In 2003 the US, the UK and a coalition of smaller forces defeated the Iraqi regime of Saddam Hussein. At the time, and since, it has routinely been claimed that the war constituted an “attack on Islam”. Here are three reasons why this claim is false:-

Saddam Hussein’s regime murdered thousands of Muslims: In the decades preceding the war, Saddam Hussein’s regime murdered hundreds of thousands of Iraqi citizens. The UN puts the figure above 300,000, and has uncovered many mass graves. Most of these victims were Muslim. This slaughter was only ended by the war, and had it not been for the US-led intervention, the crimes of the former regime would probably still be continuing today.

The post-war “insurgency” has targeted Muslim worshippers at mosques: Since 2003, dozens of mosques in Iraq have been bombed by “insurgents”, during or immediately after prayers. Hundreds of devout Muslim worshippers – mostly shi’ite, some sunni - have been murdered, indiscriminately, in Najaf, Karbala, Baghdad and elsewhere. Thousands more have been injured and traumatised. Muslim families and Muslim communities have been devastated.

The attackers have often been affiliated to Al-Qaeda; in some cases have been disaffected foreign terrorist groups; and in other cases have been “home-grown” Iraqi groups, often sympathetic to the former Hussein regime.

These bombings are not designed to benefit the lives or human rights of Iraqi Muslims. Their aim is to ruin the steps towards democracy which Iraq is taking, and to plunge the country into chaos, anarchy and a religiously-inspired bloody civil war. The US-British efforts in Iraq – far from being an “attack on Muslims” – are intended to thwart this campaign of violence against Iraqi citizens, Muslim and non-Muslim alike.

The Iraqi election of January 2005 gave a democratic voice to millions of Muslims: On January 31 2005, over 8,000,000 Iraqis – mostly Muslim men and women - voted in the country’s first free elections. That election resulted
in a government which is broadly representative, and in which the minority sunnis are slowly starting to increase their participation. That Iraqi government gives a voice to Muslims, socially, politically and religiously. It has asked the US, the British and the other coalition forces to stay in Iraq, help build up the fledgling democracy, and train Iraq’s own security forces in combating the insurgency. Far from being a war against Islam, the war has empowered millions of Muslim Iraqis for the first time in their lives, and brought democratic opportunities – flawed and vulnerable, but democratic nonetheless – to Iraq for the first time.

Conclusion

The argument that the US and the British are “fighting Islam” in Iraq is a grotesque misrepresentation. This claim – too often uncritically repeated in the West - fuels Islamist terrorism and encourages the views of groups who behead journalists, shoot aid workers, and suicide bomb Iraqi children collecting sweets.
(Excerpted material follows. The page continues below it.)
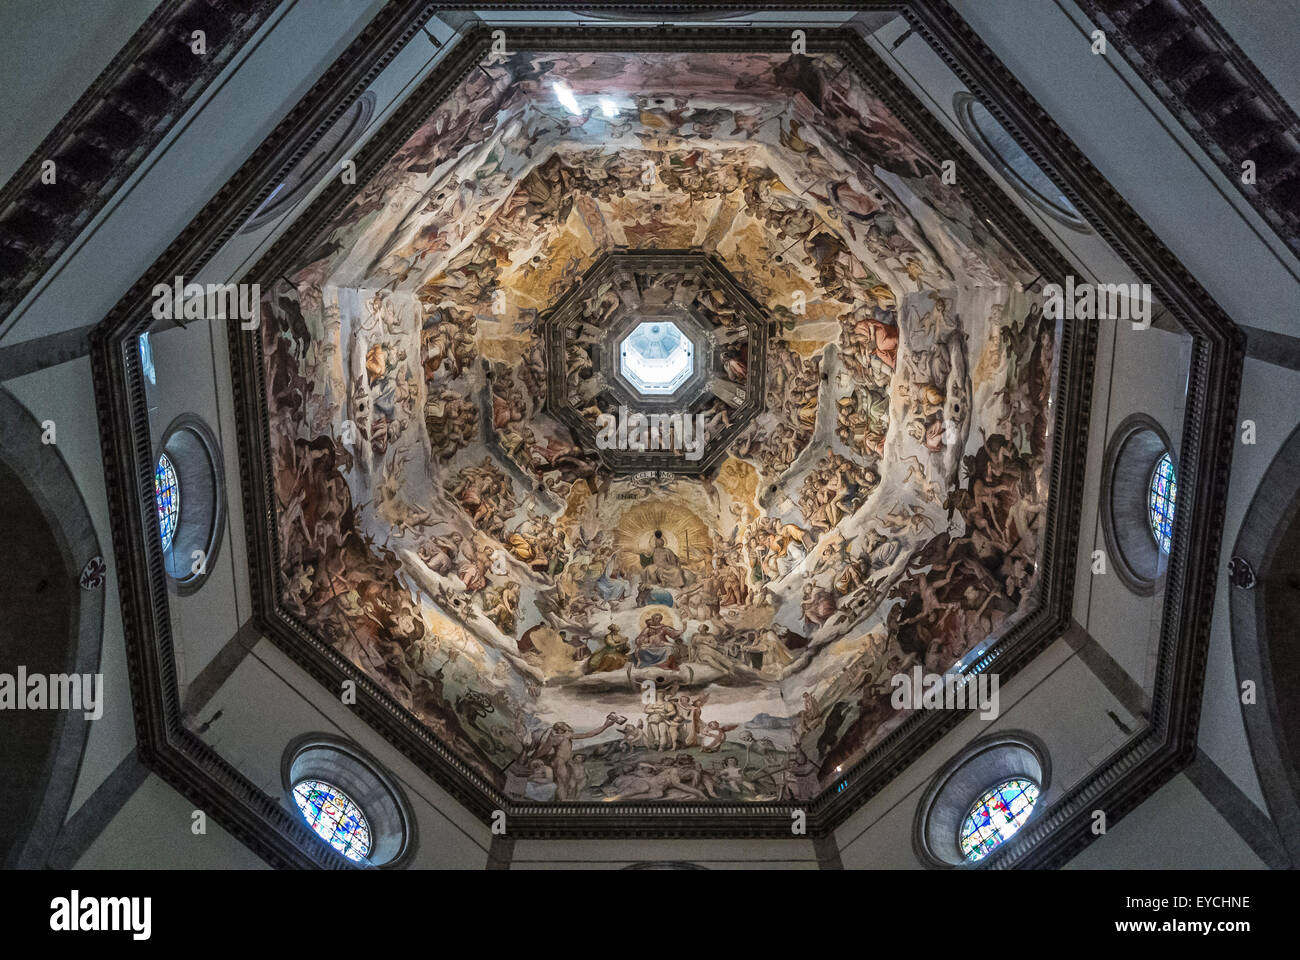 Innenraum der Kathedrale von Florenz Brunelleschi. Gemalt von Giorgio Vasari und Federico Zuccari. Florenz, Italien. Stockfoto

Islamist fanaticism is driven by hatred of the West, and laced with xenophobia and anti-semitism. The war in Iraq is not a battle between the occupiers and the Iraqi people; it is a battle between a fledgling democracy in the Muslim world, and those who despise the very notion of democracy. To argue that the US and British presence in Iraq is “against Islam” and should be opposed is thus a betrayal of the Iraqi government and people. It stifles the democratic aspirations of millions of Muslims in Iraq and elsewhere in the Middle East.

It goes without saying that both the Israeli and the Palestinian people have a long-term vested interest in seeing Islamist fanaticism defeated in Iraq, and wherever else it manifests itself.